**Task**:
Copy the listing below in full and skip every picture.

**Data segment**:
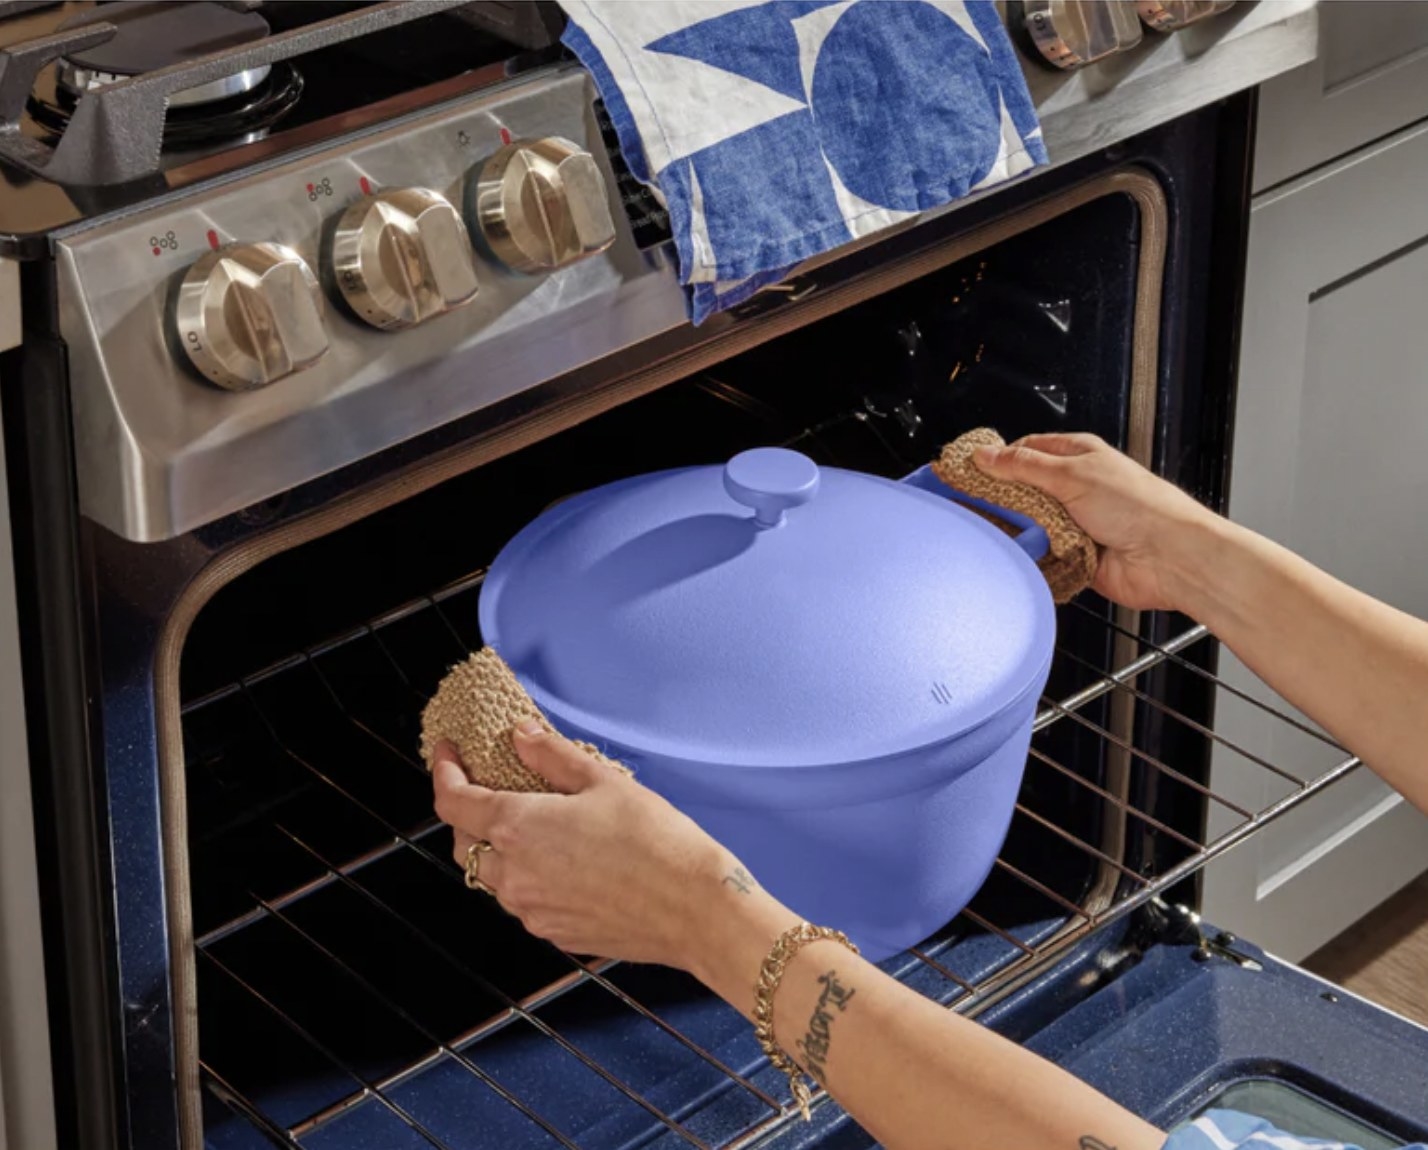 Someone using pot grips on the side handles as they put the blue pot into the oven
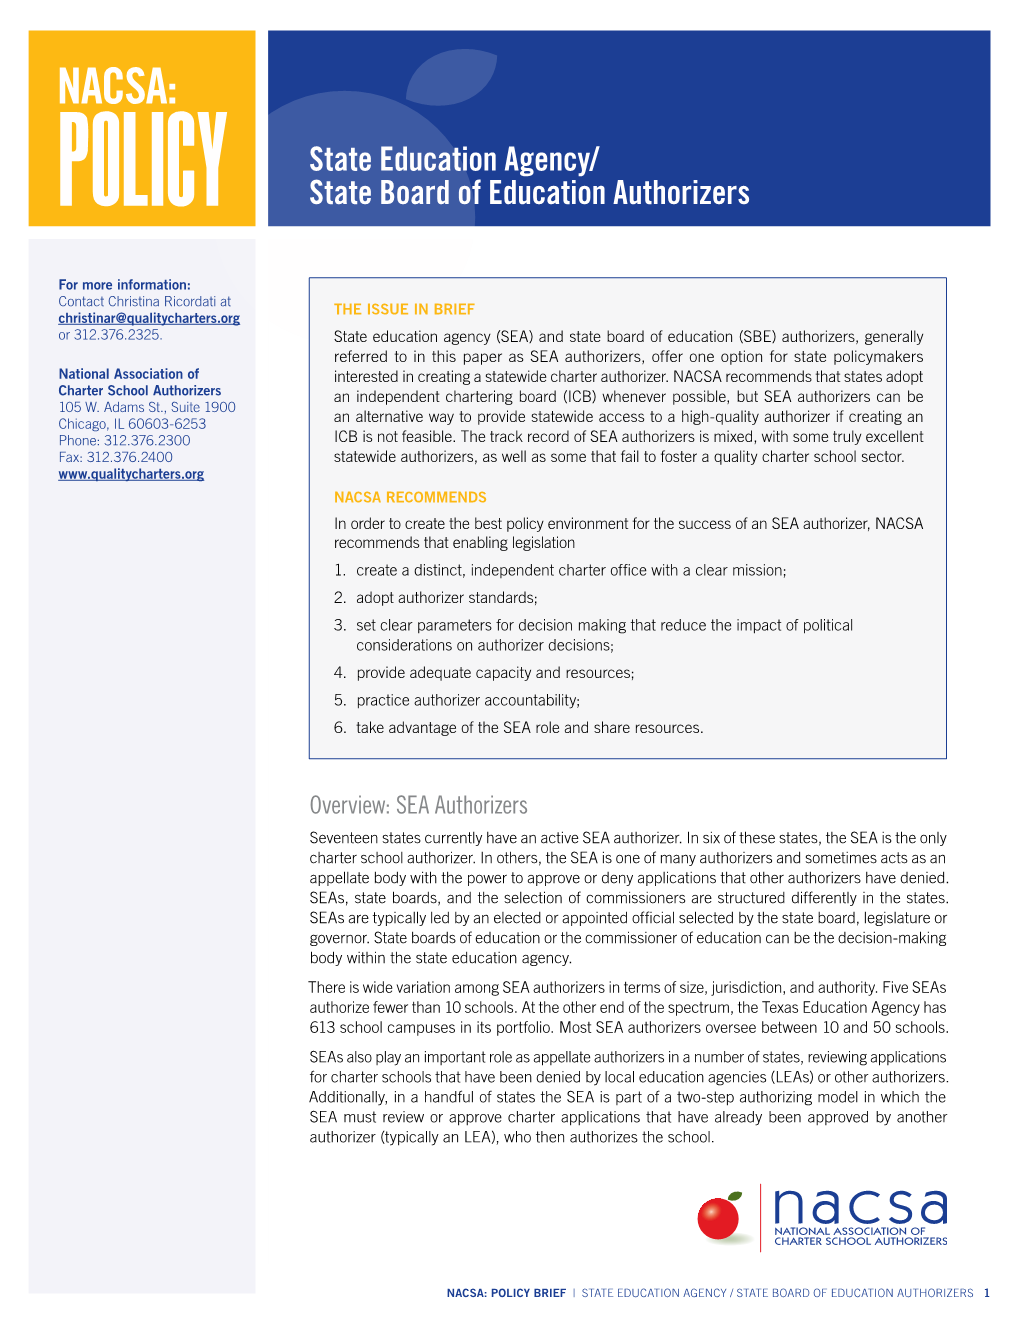 State Education Agency/ State Board of Education Authorizers
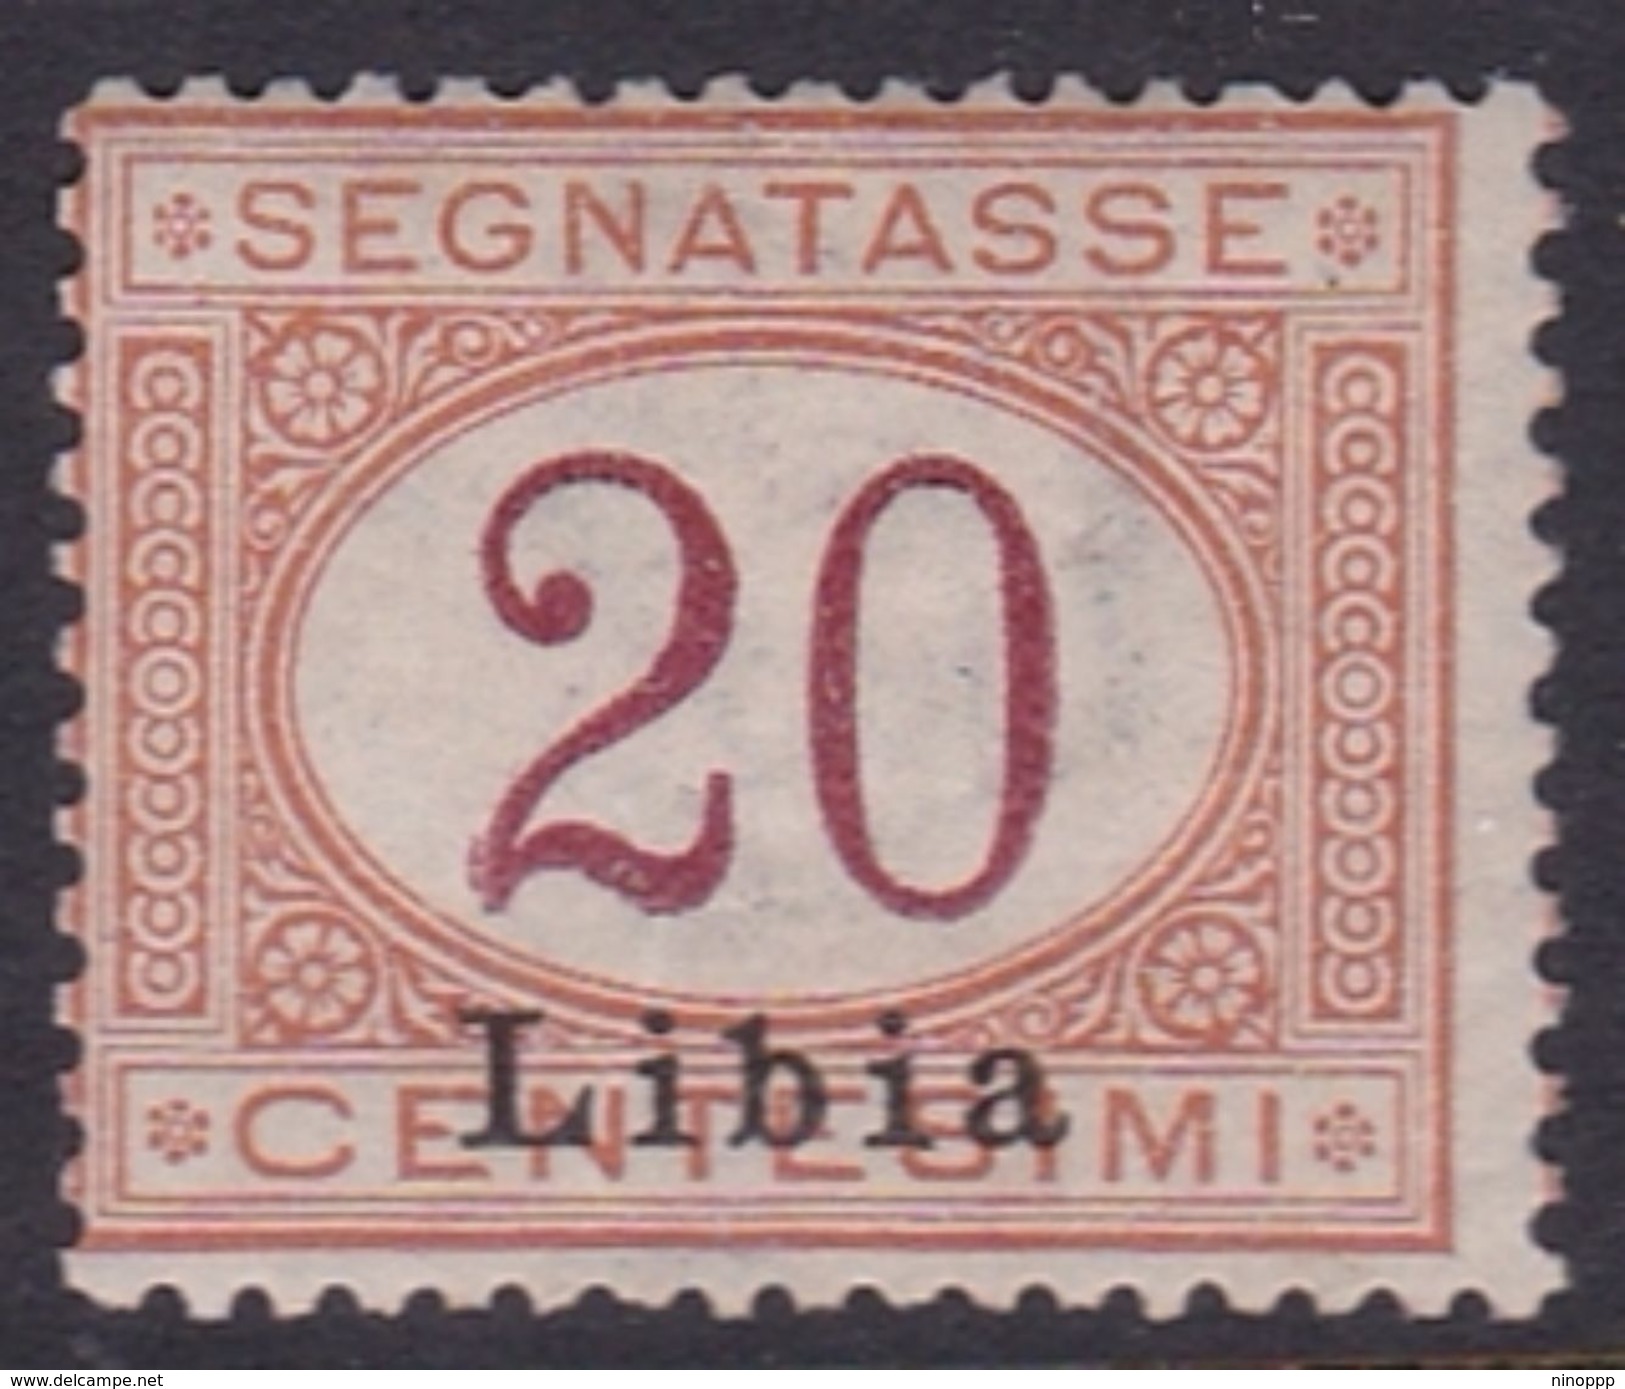 Italy-Colonies And Territories-Libya PD 3 1915 Postage Due,20c Orange And Carmine,mint Hinged - Libya

**Output below**:
 Someone using pot grips on the side handles as they put the blue pot into the oven
 State Education Agency/ State Board of Education Authorizers
 Italy-Colonies And Territories-Libya PD 3 1915 Postage Due,20c Orange And Carmine,mint Hinged - Libya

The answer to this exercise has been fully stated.